The small plane navigated slowly through the maze of red and blue runway lights, then steadily picked up speed until its wheels had softly risen off the pavement and tucked themselves neatly inside the aircraft. My clammy palms unclenched themselves from the elbow rests, the way they always did once I found myself airborne.

You forget how beautiful home is, until you’re hovering above it, speeding in the opposite direction, I thought silently. Several hundred feet below me laid my parent’s small ranch-style house, the one in which I’d grown up, the playground my elementary-school girlfriends and I gossiped in late at night, the empty street where I’d sprawled out, stargazing, with a boy who had broken my heart years earlier. Two blocks and two decades of memories seemed so small now.

“It’s a real small flight, honey, but if you need anything, don’t be afraid to ask, ‘kay?" the flight attendant interrupted my nostalgia. "Where you headed today?” she smiled, as she checked my seatbelt.

“Okay,” I said, nervously stalling. “Um, I’m going to Boston, and then to Ireland tomorrow,”

“Oh my gosh. You hear that?” she called out to the man two seats back. “This lil’ lady is going to Ireland! I’ve always wanted to go. Are you going alone?”

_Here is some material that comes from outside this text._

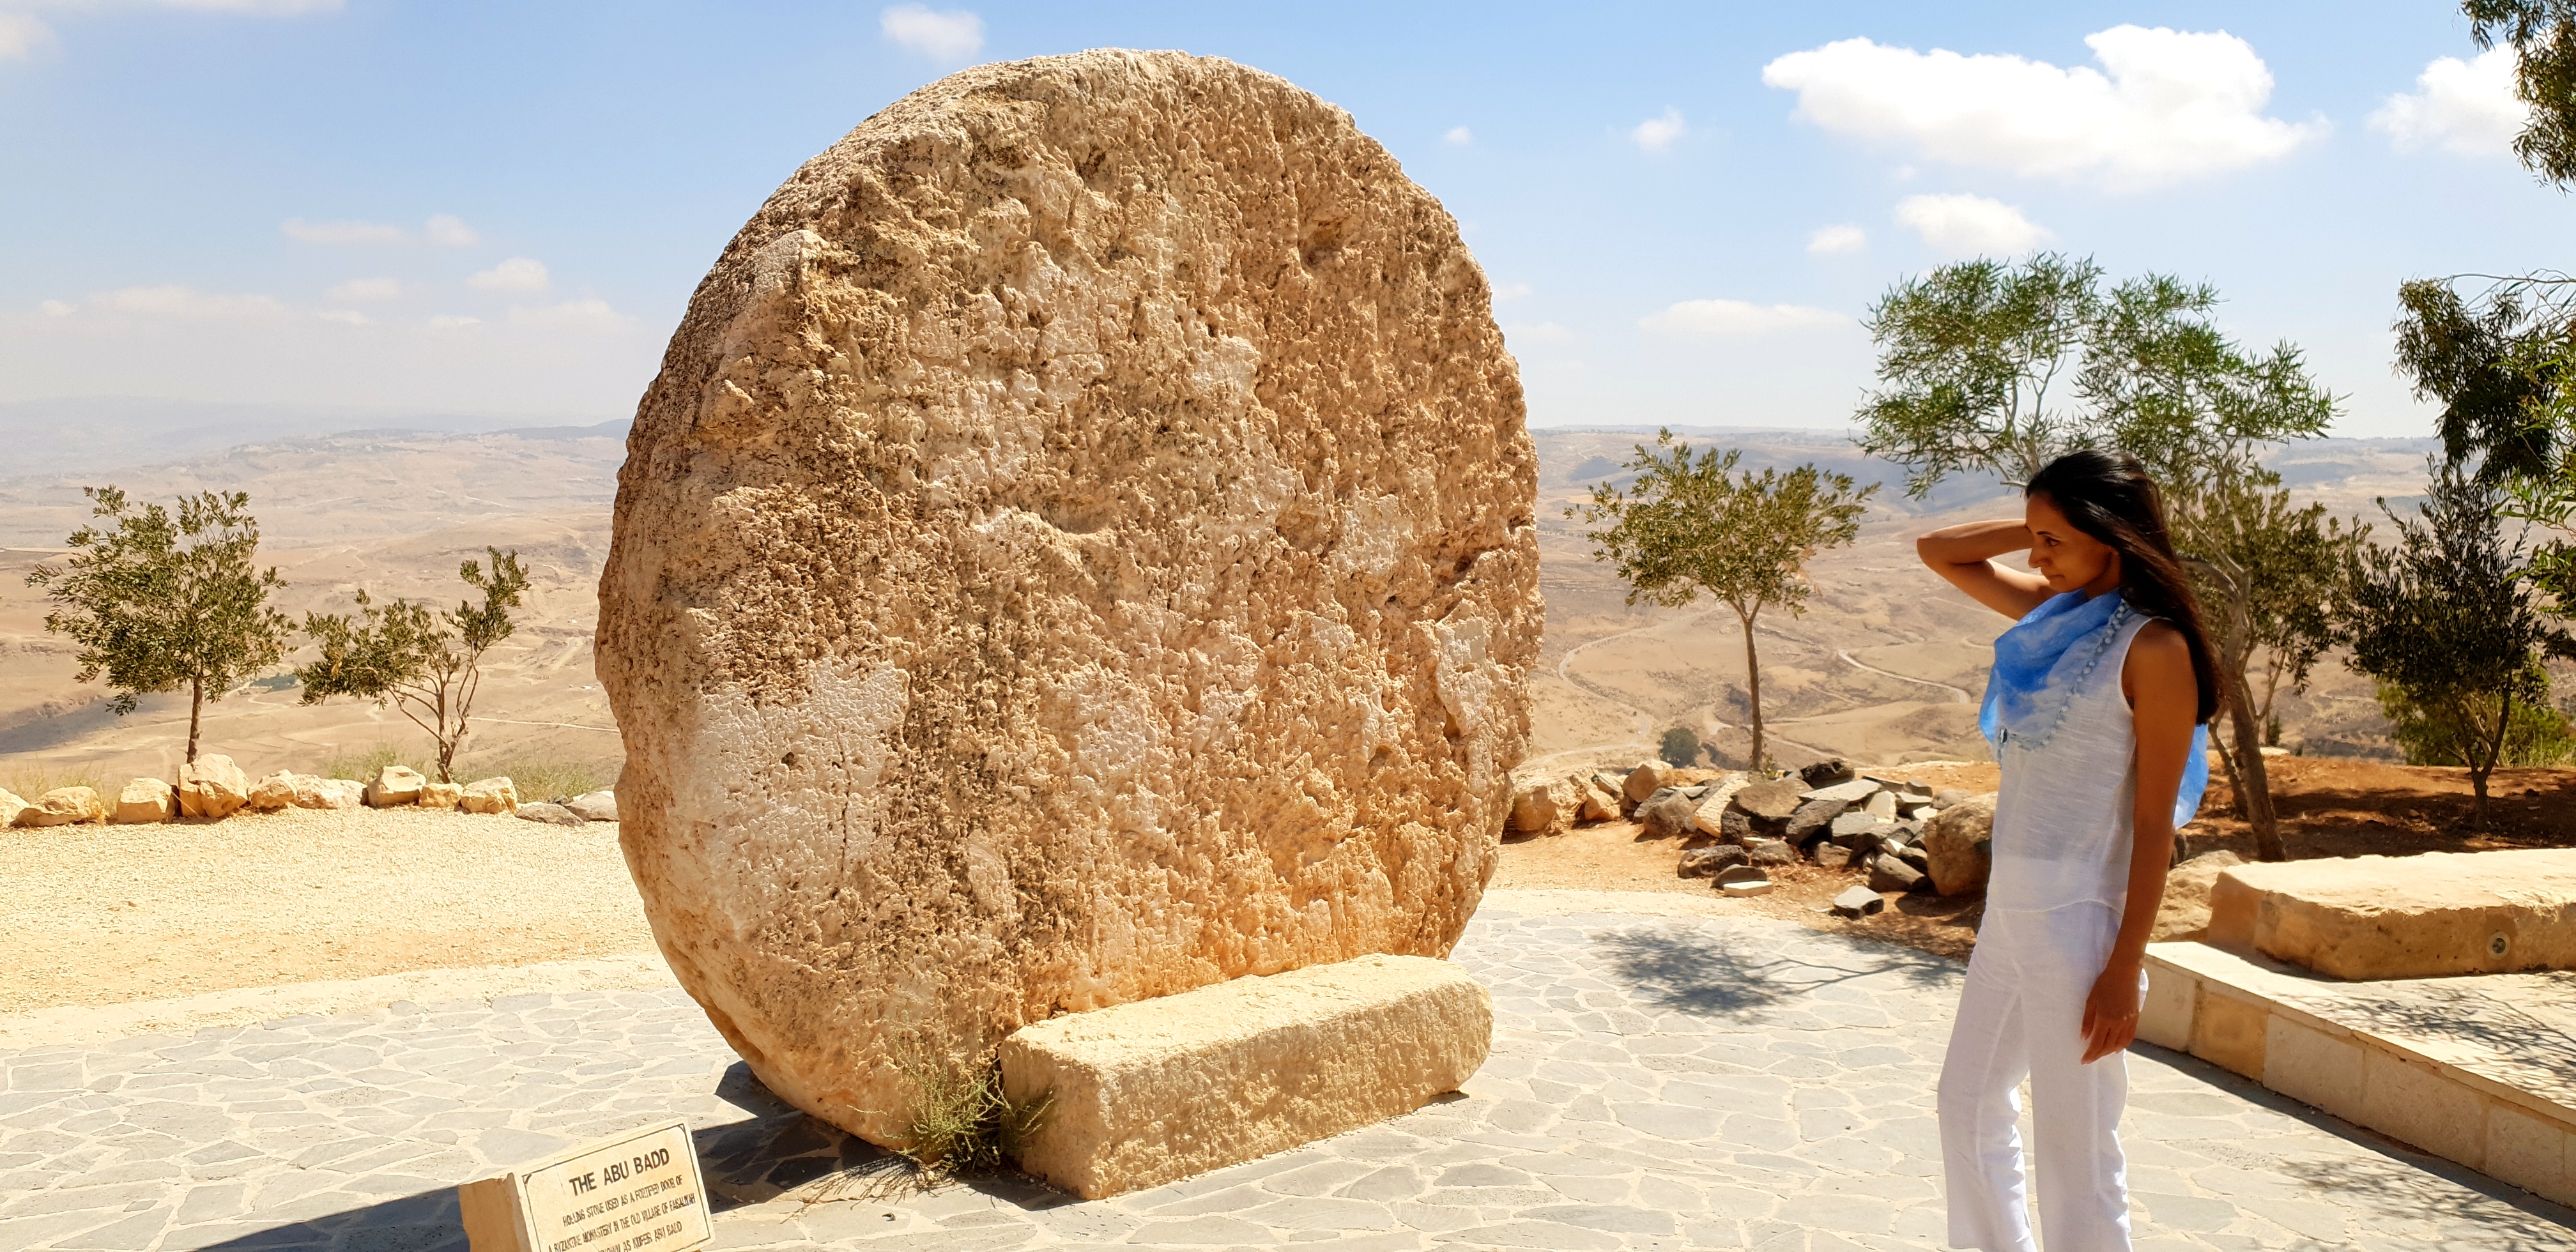 Mount Nebo and its Religious References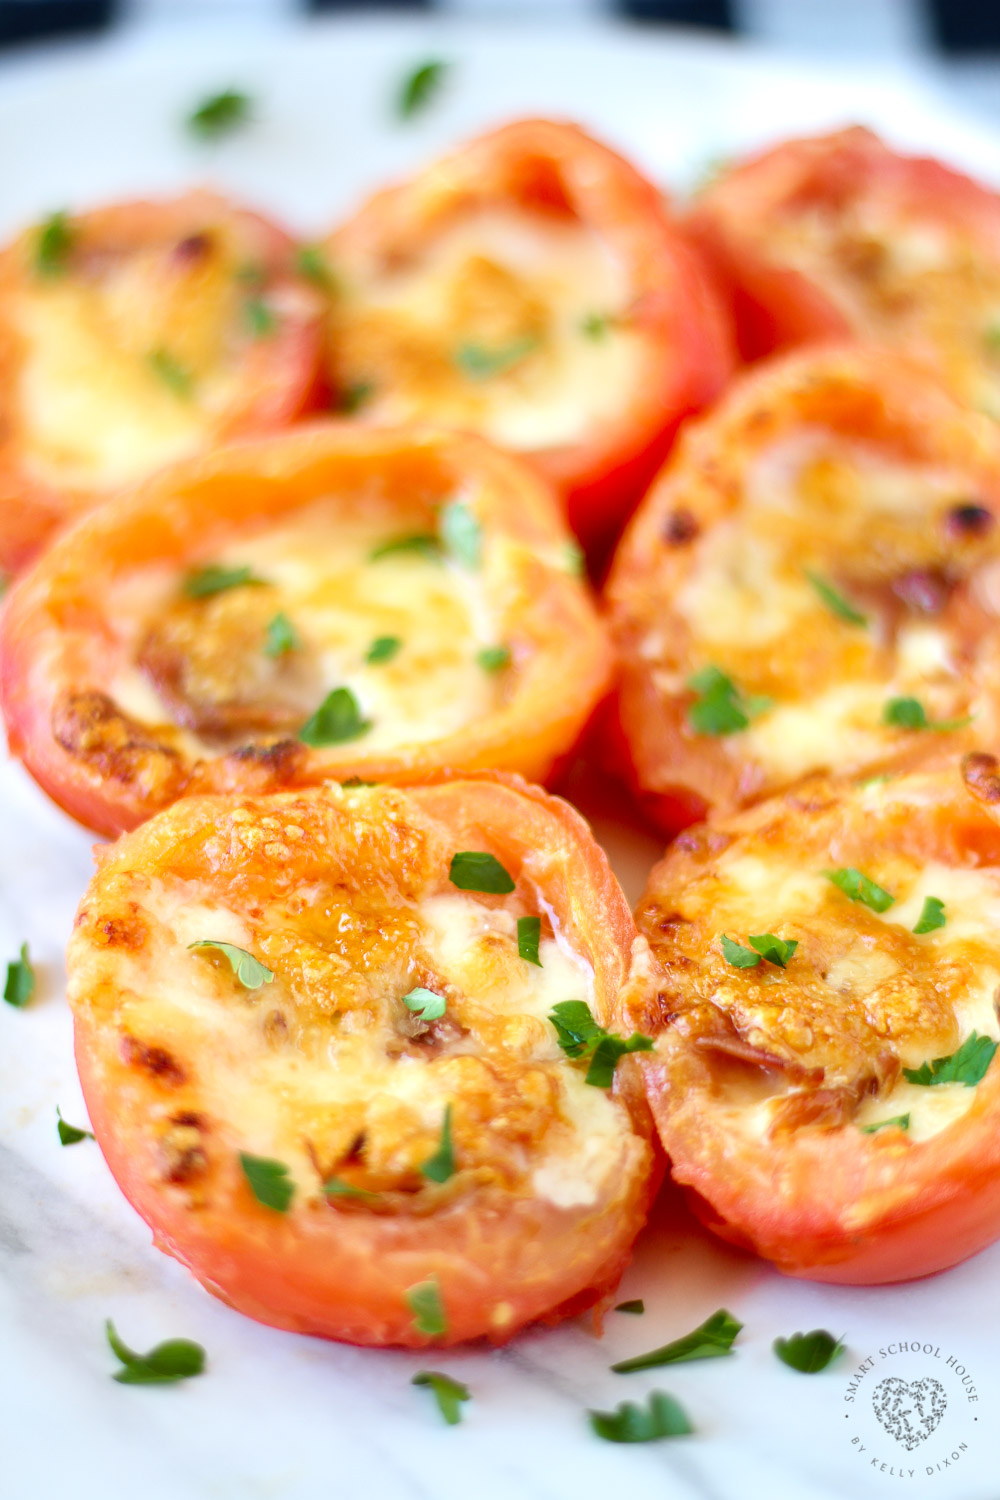 Cheesy Stuffed Baked Tomatoes with Prosciutto

I could feel my face heat. In my younger years I embraced the spotlight, and happily sang, danced and recited lines for crowds of family and friends. But since entering my twenties, spotlights led to anxieties, and my insecurities multiplied the moment I felt eyes on me, as though everyone around was inspecting, picking apart my body and mind.

“Oh no,” I paused. “With a friend.” It was much easier to tell a half-truth than the whole.

The whole truth of where I was headed, and with whom, was long winded and sticky, and had begun six months earlier on a snowy February night. Curled up on my couch in my comfiest and least flattering pair of sweats, I’d spent that Saturday night staring desperately at a set of paints, wishing I felt inspired enough to lift brush to canvas to complete my homework. Blessedly, a phone call from my Californian best friend had interrupted my attempts at self-motivation. Becky was, as always, on a mission. That night's mission consisted of playing Yenta. Her husband’s close friend, Gabriel, was visiting while on leave from Iraq, and she was determined to secure Gabriel a romantic interest before he returned to his base in Baghdad.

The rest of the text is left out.